The cardiac transient outward potassium current (referred to as Ito1 or Ito  ) is one of the ion currents across the cell membrane of heart muscle cells. It is the main contributing current during the repolarizing phase 1 of the cardiac action potential. It is a result of the movement of positively charged potassium (K+) ions from the intracellular to the extracellular space. Ito1 is complemented with Ito2 resulting from Cl− ions to form the transient outward current Ito.

Mechanism
Ito1 is rapidly activated and deactivated. It is activated after the fast increase of the membrane potential following the phase 0 of the cardiac action potential. Once activated, (K+) ions from inside the cells flow to the extracellular space. This outward flow of positively charged ions constitutes the Ito1 and causes the transmembrane voltage to decrease. This decrease of the transmembrane potential is known as repolarization. Ito1 is then quickly deactivated, stopping the repolarization and ending the phase 1 of the action potential.

Ito1 is Ca2+-independent and has been clearly demonstrated in myocytes from different cardiac regions and species. There are two kinetic variants of cardiac Ito1: fast Ito1, called Ito1,f, and slow Ito, called Ito1,s. The channel responsible for Ito1,f is formed by assembly of Kv4.2 (KCND2) subunits, Kv4.3 (KCND3) subunits or a combination of the two, while the channel responsible for Ito1,s is composed of Kv1.4 (KCNA4) subunits. In addition, several regulatory subunits and pathways modulating the level and biophysical properties of cardiac Ito have been identified.

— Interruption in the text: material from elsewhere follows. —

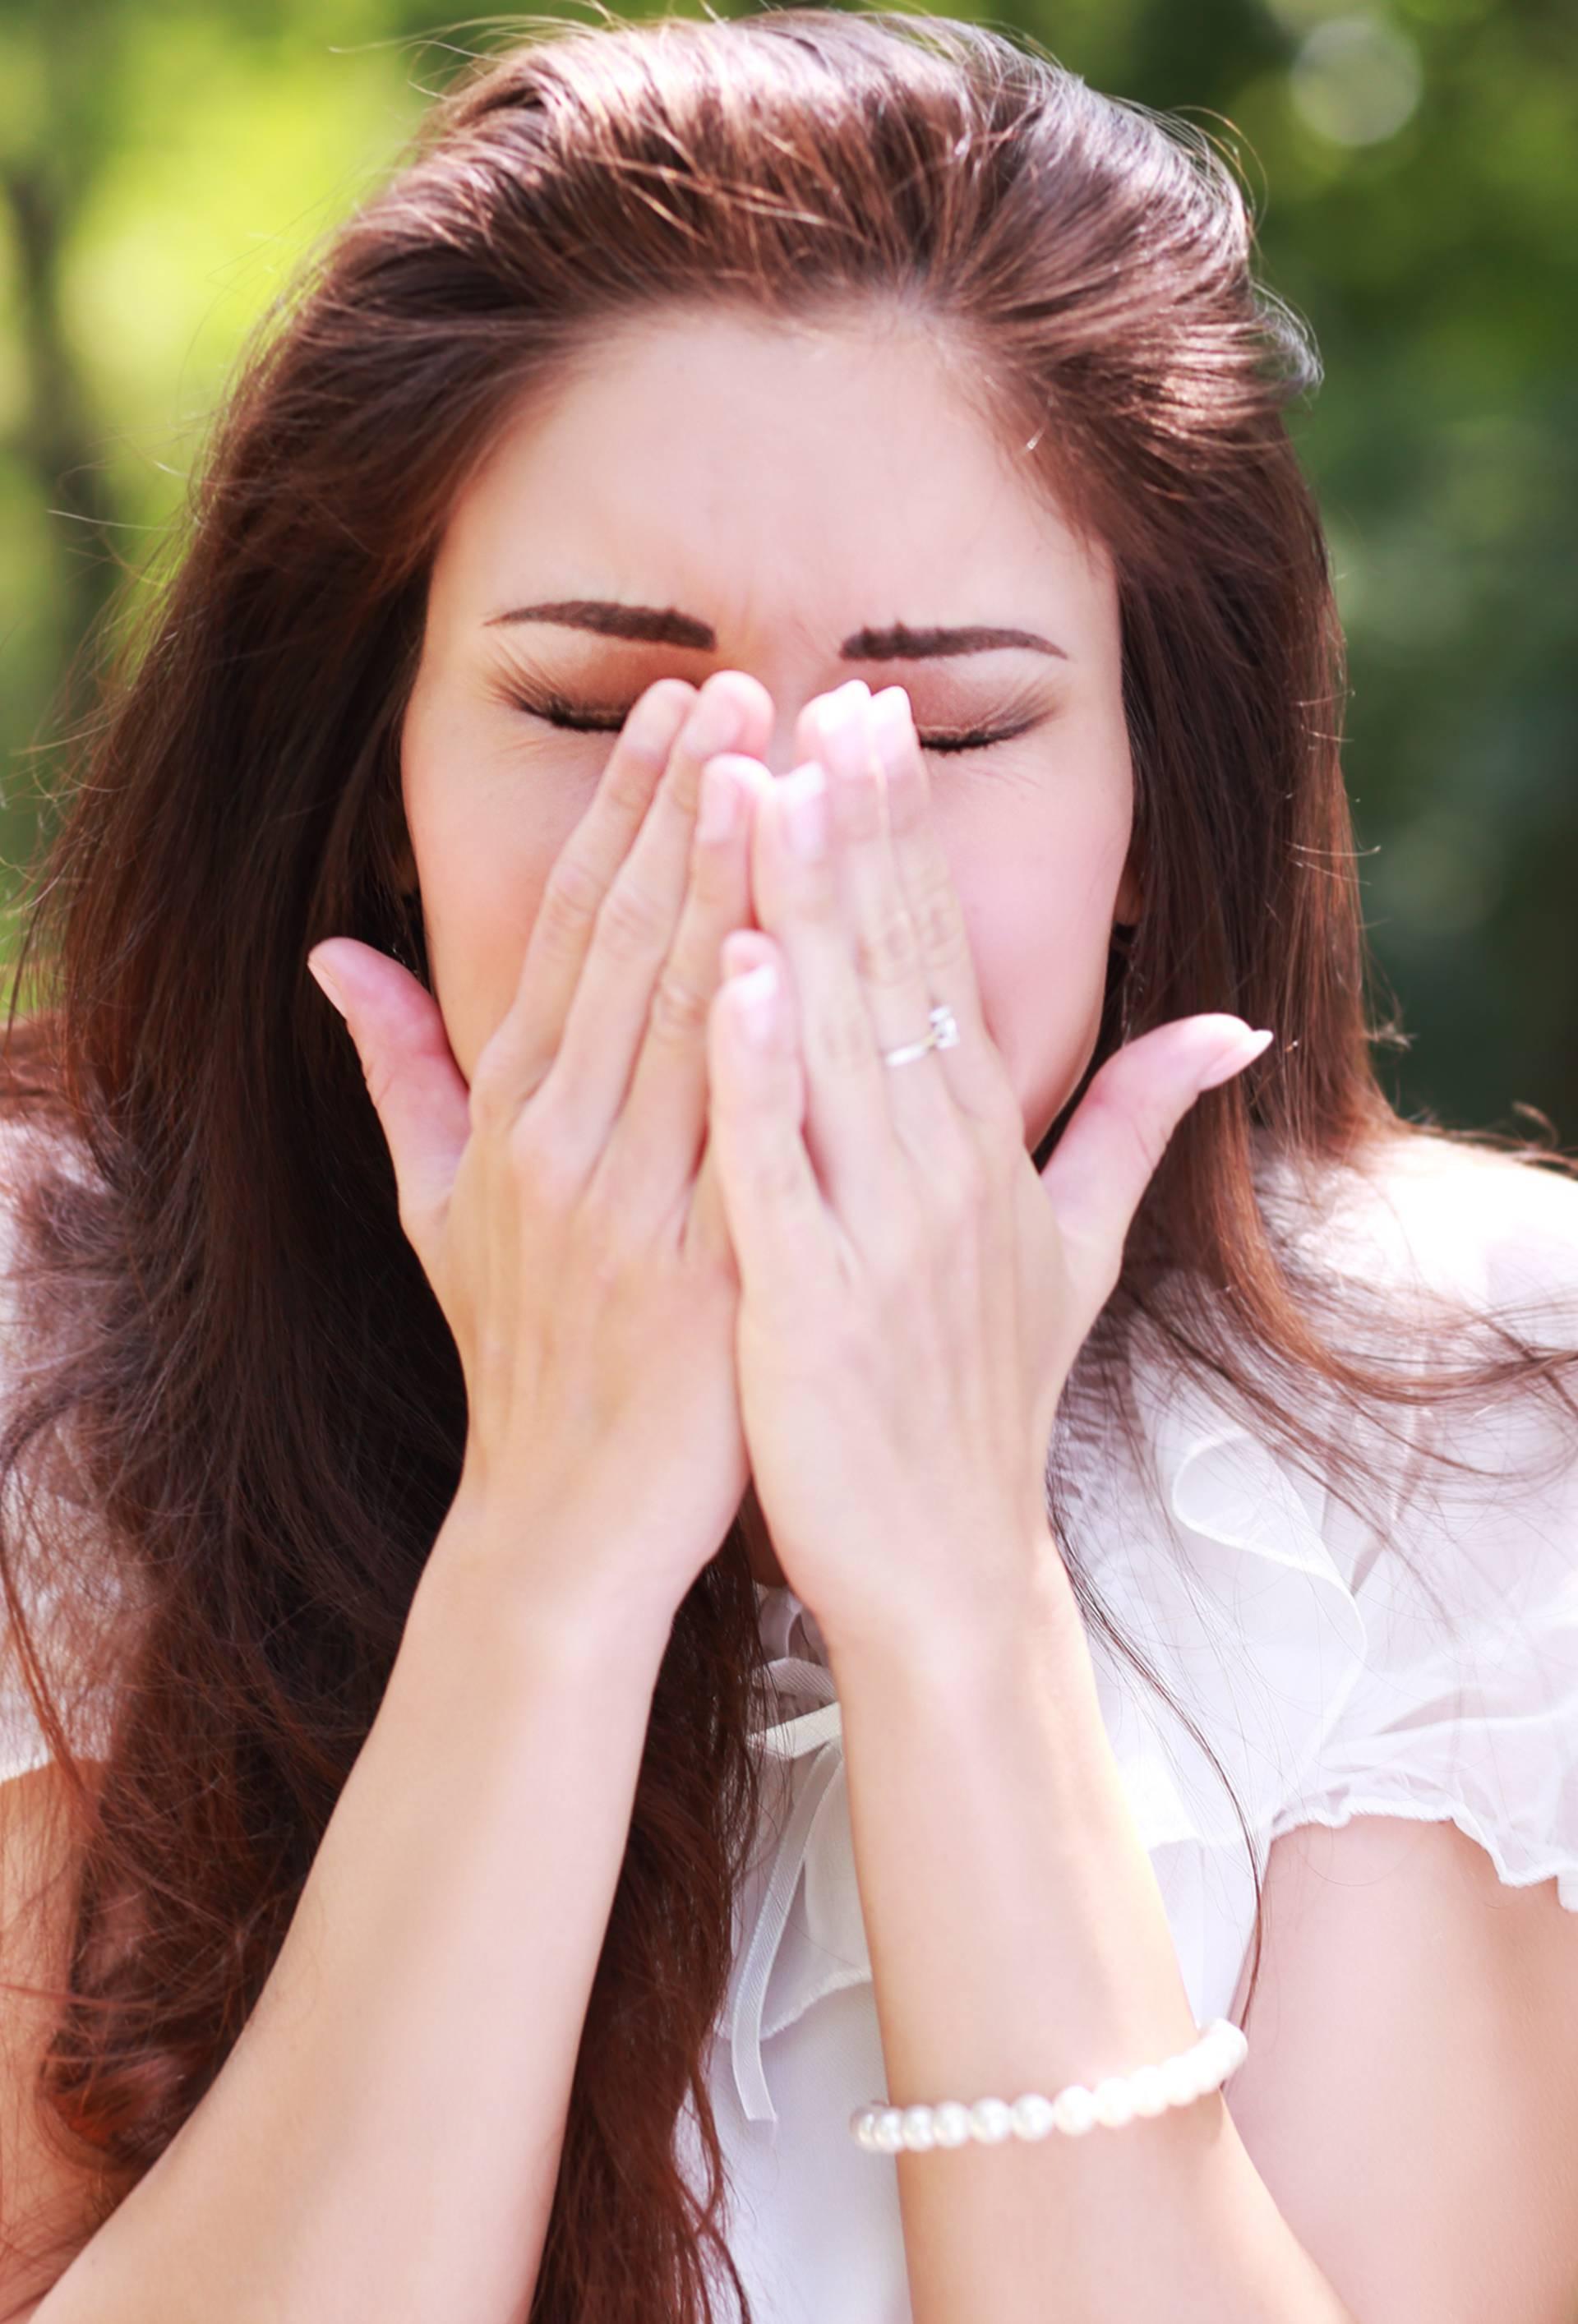 Prirodom protiv alergija? Samo propisana terapija kažu doktori

Ito1 affects the opening of Ca2+ channels during Phase 2 of the Action Potential. As a result, changes in Ito1 modulate changes in the action potential duration.

Role in disease
Reduction in Ito1 density is associated with prolonged action potentials and is a common finding in cardiac disease . 
Ito1 density is significantly lower in the cells of a failing heart in comparison to the cells of a healthy heart. 
There is correlation between decreased Ito1 density and atrial fibrillation. 
Ito activation is inhibited by thyrotropin (TSH). This mechanisms may be one of the reasons for the observation that both bradycardia and atrial fibrillation are common in hypothyroidism.
An increase in the Ito1 density caused by a mutation in Kv4.3 can be a cause of Brugada Syndrome.